Set out word for word the line that contains "Proof Pizza Print Ad" and each line after it, through the end of the data below, but exclude the pictures.

* _INPUT DATA_:
---
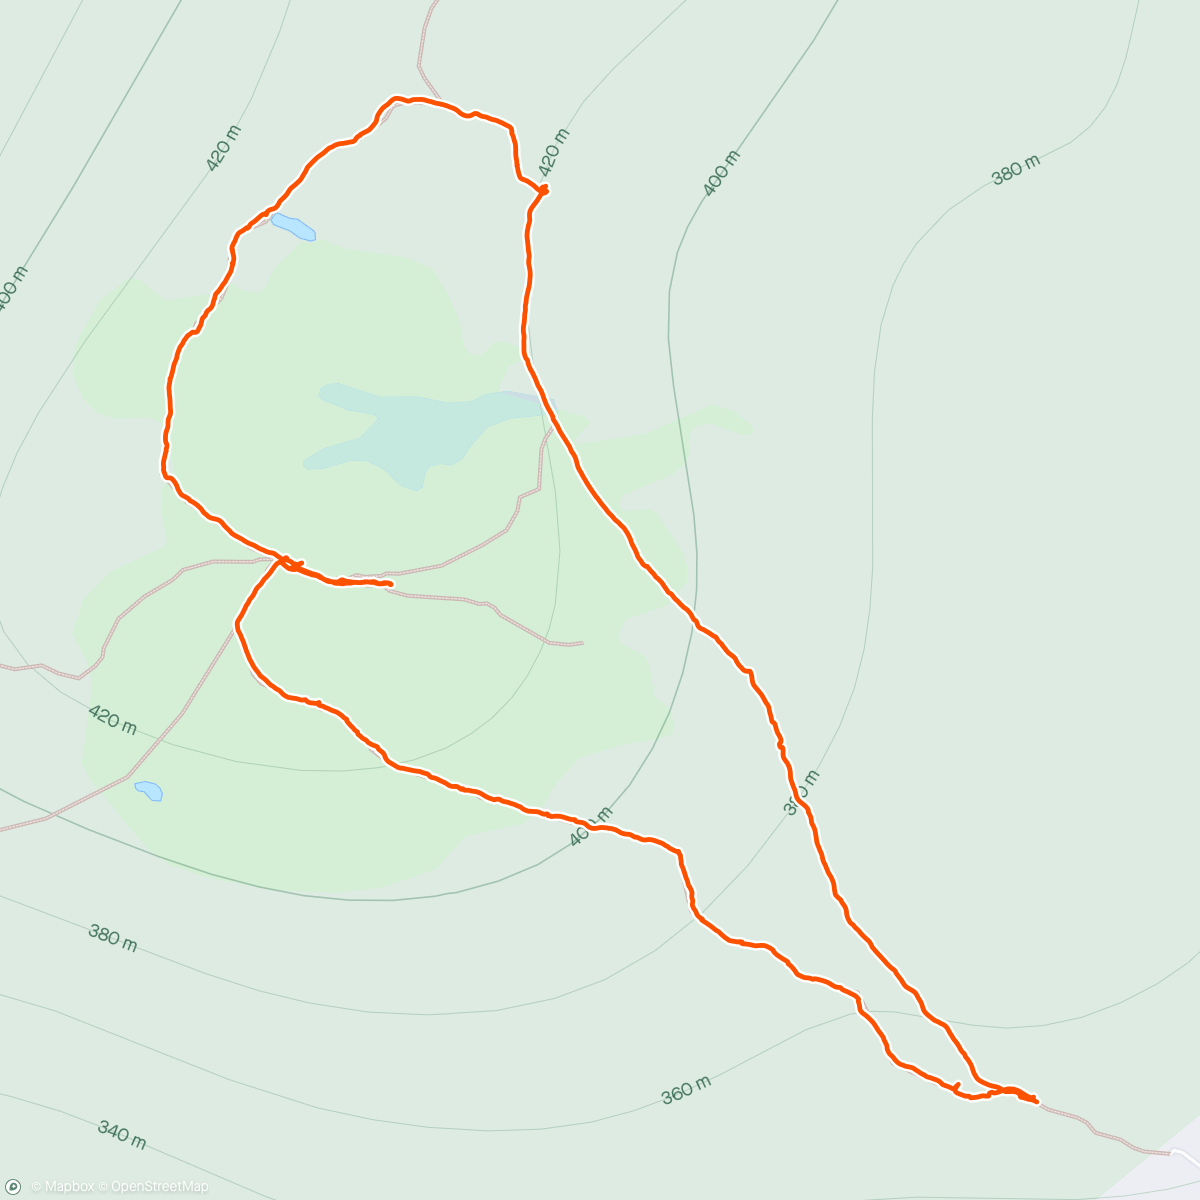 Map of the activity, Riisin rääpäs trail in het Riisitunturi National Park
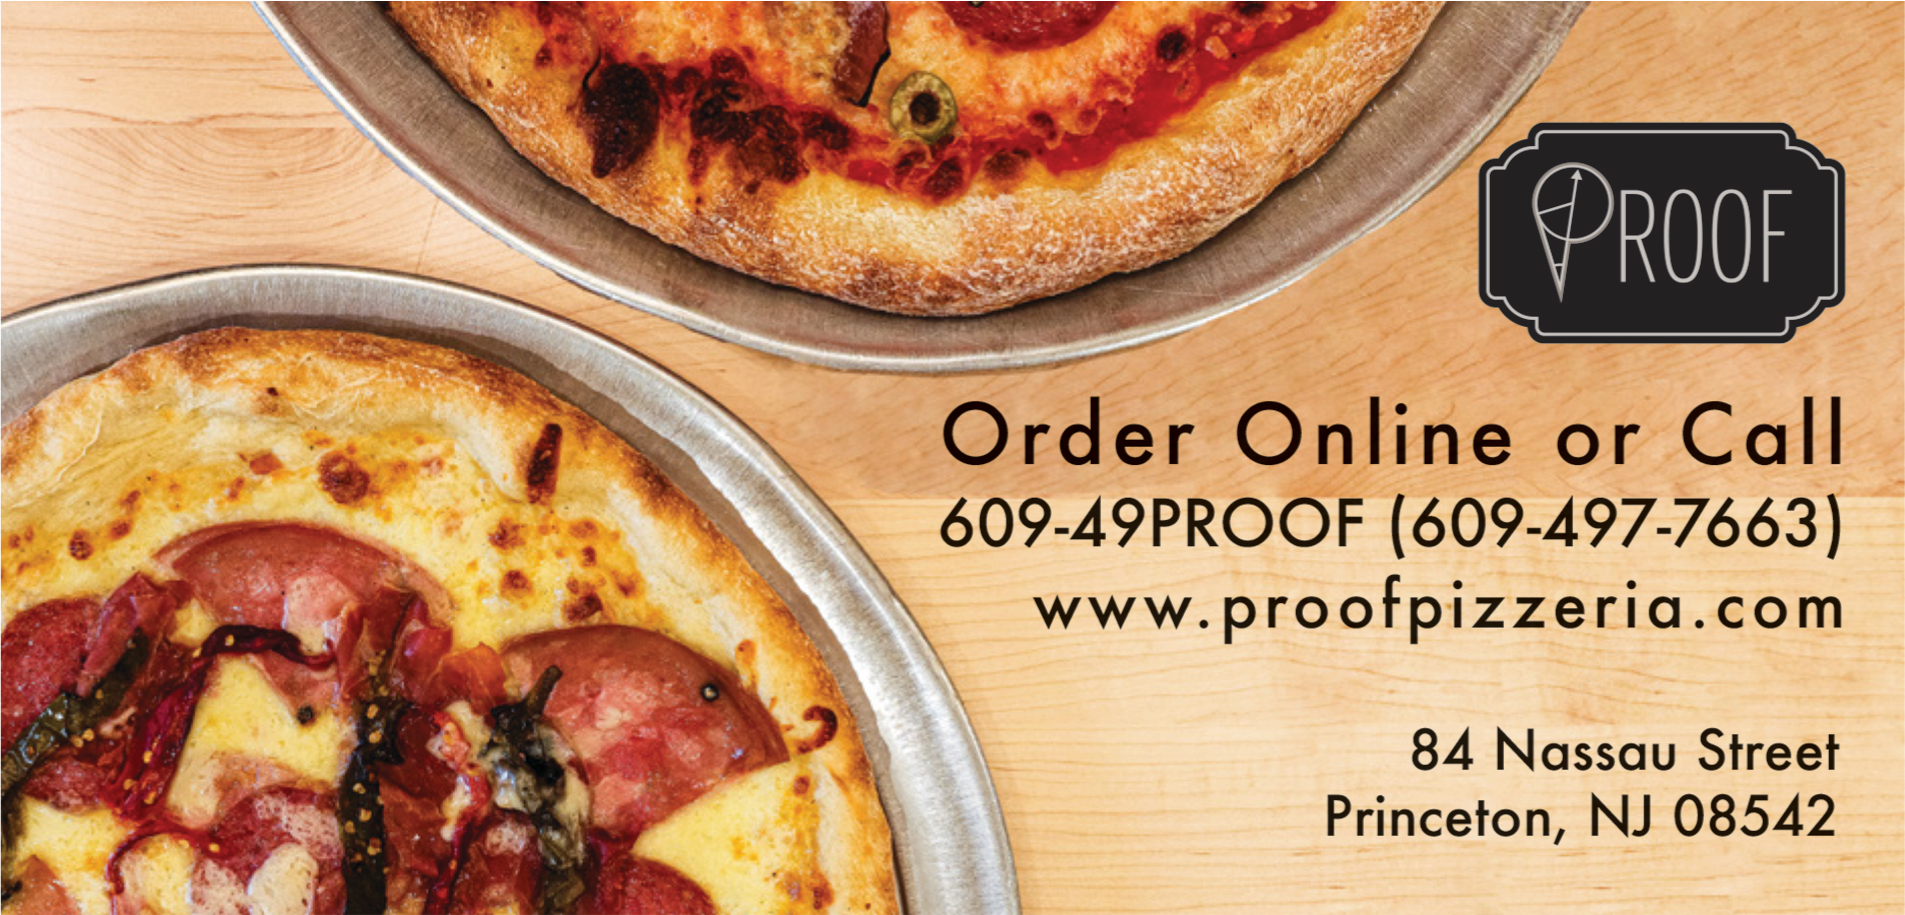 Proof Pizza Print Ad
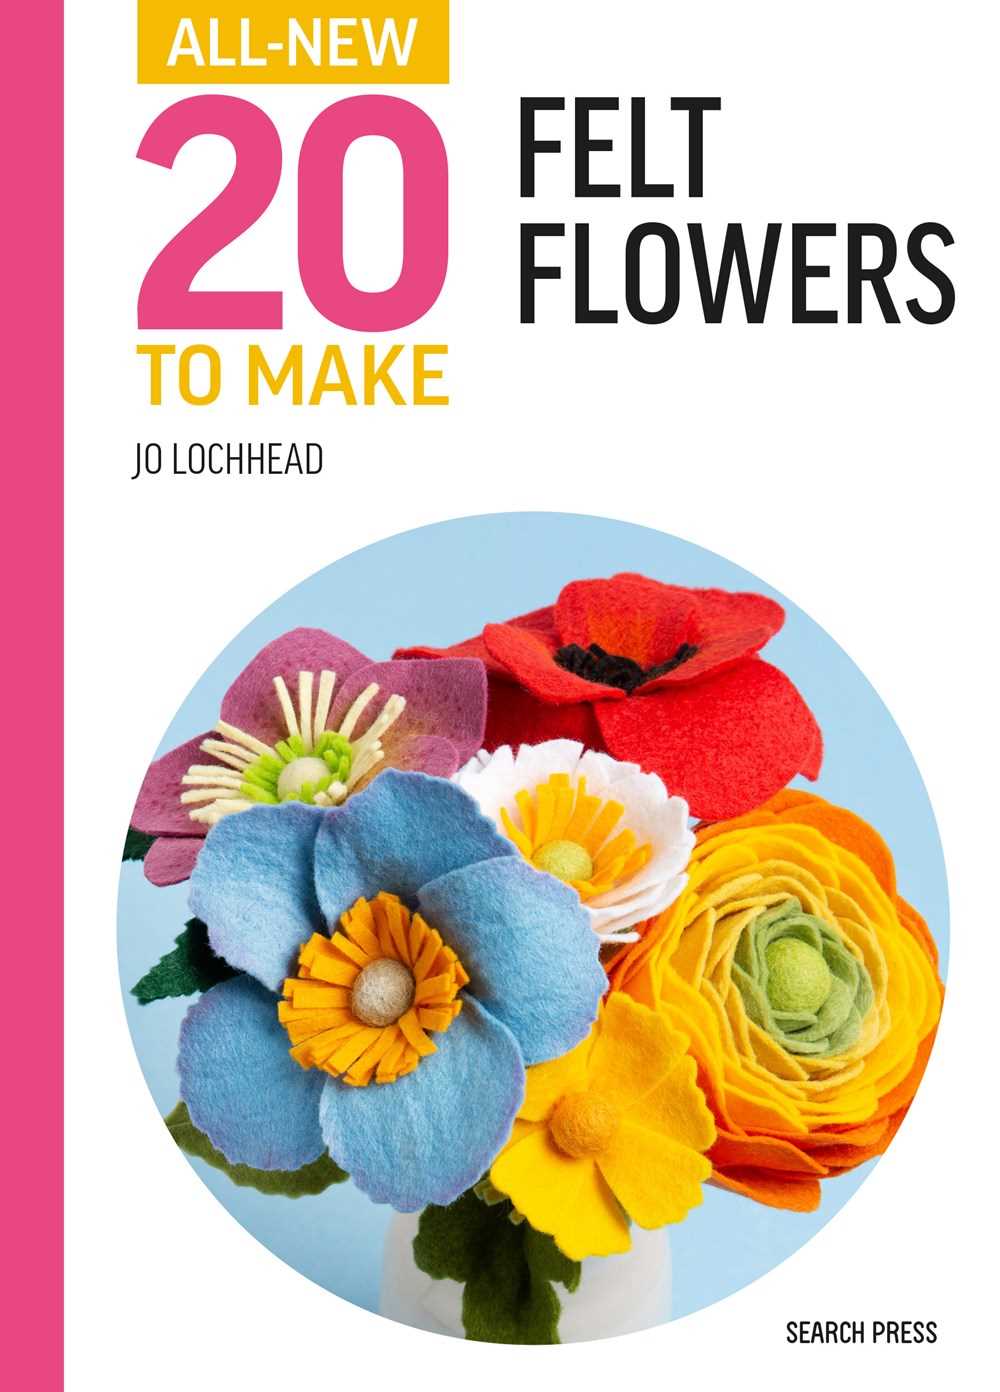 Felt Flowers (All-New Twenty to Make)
---
* _ANSWER BOX_:
 Proof Pizza Print Ad
 Felt Flowers (All-New Twenty to Make)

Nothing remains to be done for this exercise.